En cas de litige, c’est là que le juge administratif entre en jeu :

📖 Il doit appliquer les clauses du contrat,

📉 Si on le lui demande, il peut modérer les pénalités si elles atteignent un montant manifestement excessif,

📈 Si on le lui demande, il peut les augmenter si elles atteignent un montant dérisoire.

Comment en juger ?

👉 le montant du marché,

👉 les recettes prévisionnelles de la concession,

👉 les subventions versées par l’autorité concédante,

👉 la gravité de l’inexécution constatée,

👉 les pratiques observées pour des contrats comparables.

Le caractère excessif repose sur la démonstration du titulaire.
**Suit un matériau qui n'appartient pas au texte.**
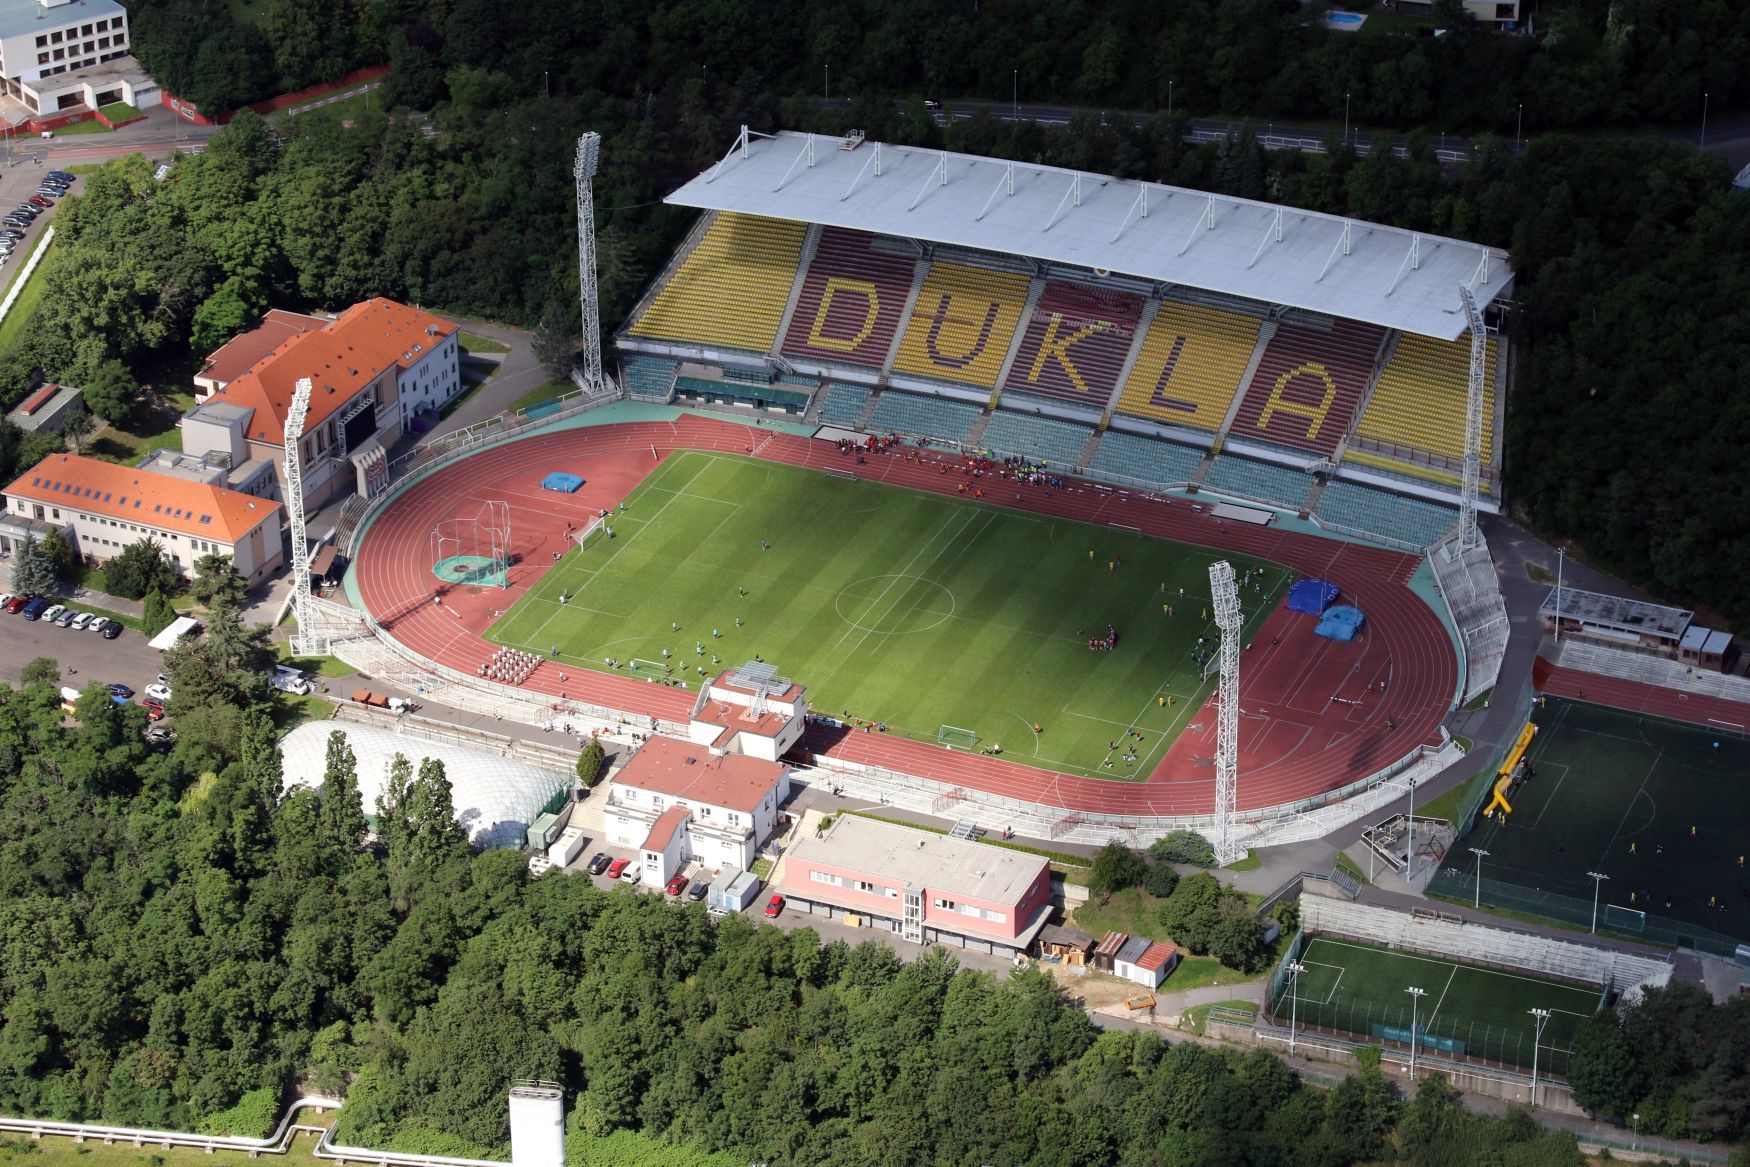 Stadion Dukla Praha (Juliska) - 2016

Cette démonstration peut être réalisée vis-à-vis de marchés comparables.

Il en résulte que les arguments suivants du titulaire ne sont pas pris en compte par le juge

  • L’acheteur n’a pas eu de préjudice puisque le chantier a finalement été livré à temps (TA Limoges, 4 mai 2023, n°1901988) ; 
  • Le montant des pénalités représenterait 89 % du résultat annuel de la société (CAA Marseille, 17 avril 2023, n°21MA02261) ;
  • Le Maître d’ouvrage, informé du retard, n’a pas mis en demeure l’entreprise de terminer les travaux (CAA Marseille, 20 mars 2023, n°20MA03605)
  • Le titulaire a rencontré des difficultés économiques du fait de la crise sanitaire (TA Paris, 15 mai 2023, n°2125946).
  • Le caractère « modique » des travaux impactés (CAA Paris, 17 mars 2023, n°20PA01427).
  • La circonstance que la marge de la société est très faible, et qu’en cas de maintien des pénalités la commande litigieuse sera réalisée à perte (TA Versailles, 14 mars 2023, n°2100541)
  • La circonstance que le taux de rentabilité interne opérationnel du projet est faible comparé à celui du secteur d’activité (TA Toulouse, 07 juin 2023, n°2101442). 

Ne sont pas considérées comme excessives pour le juge administratif – dès lors que le titulaire ne démontre pas que les pénalités seraient excessives eu égard aux pratiques sur des marchés comparables – des pénalités de :

  • 17 % du montant du marché (TA Paris, 06/02/23, n°2101552) ;
  • 22 % (CAA Douai, 28/03/23, n°21DA01791);
  • 6 %  (CAA Paris, 17/03/23, n° 20PA01427) ;
  • 42 % (CAA Nantes, 02/06/23, n°22NT00335) ;
  • 51,28 % (CAA Douai, 06/06/23, n°22DA01211) ; 
  • + de 80 %, eut égard, notamment au préjudice de l’acheteur, des carences importantes du titulaire, et de son obligation de résultat (CAA Bordeaux, 19 octobre 2022, n°20BX02818) ;
  • des pénalités à un niveau de 26 % du montant du marché n’étaient pas excessives (CE, 20 juin 2016, n° 376235, Sté Eurovia Haute-NormandieJurisData n° 2016-012098 ; Lebon T., p. 837 ; Contrats-Marchés publ. 2016, comm. 199, note J.-P. Pietri)

À l’inverse, sont excessives des pénalités de 25 % du montant hors taxes du bon de commande en litige, dès lors que le titulaire a démontré que la clause relative aux pénalités de retard n’était pas habituelle dans les marchés comparables (TA Bordeaux, 3 mai 2023, n°2101983)

Récemment, dans un arrêt du 12 novembre 2024, la CAA de Marseille :

⛔ a jugé excessives des pénalités de retards représentant 66 % du montant total du marché sur trois ans,

📉 les a ramenées à 6 % du montant total du marché.

Cette jurisprudence est donc à ajouter à la liste des décisions aux termes desquelles les juges ont fait application de leur pouvoir de modération compte tenu de pénalités jugées excessives.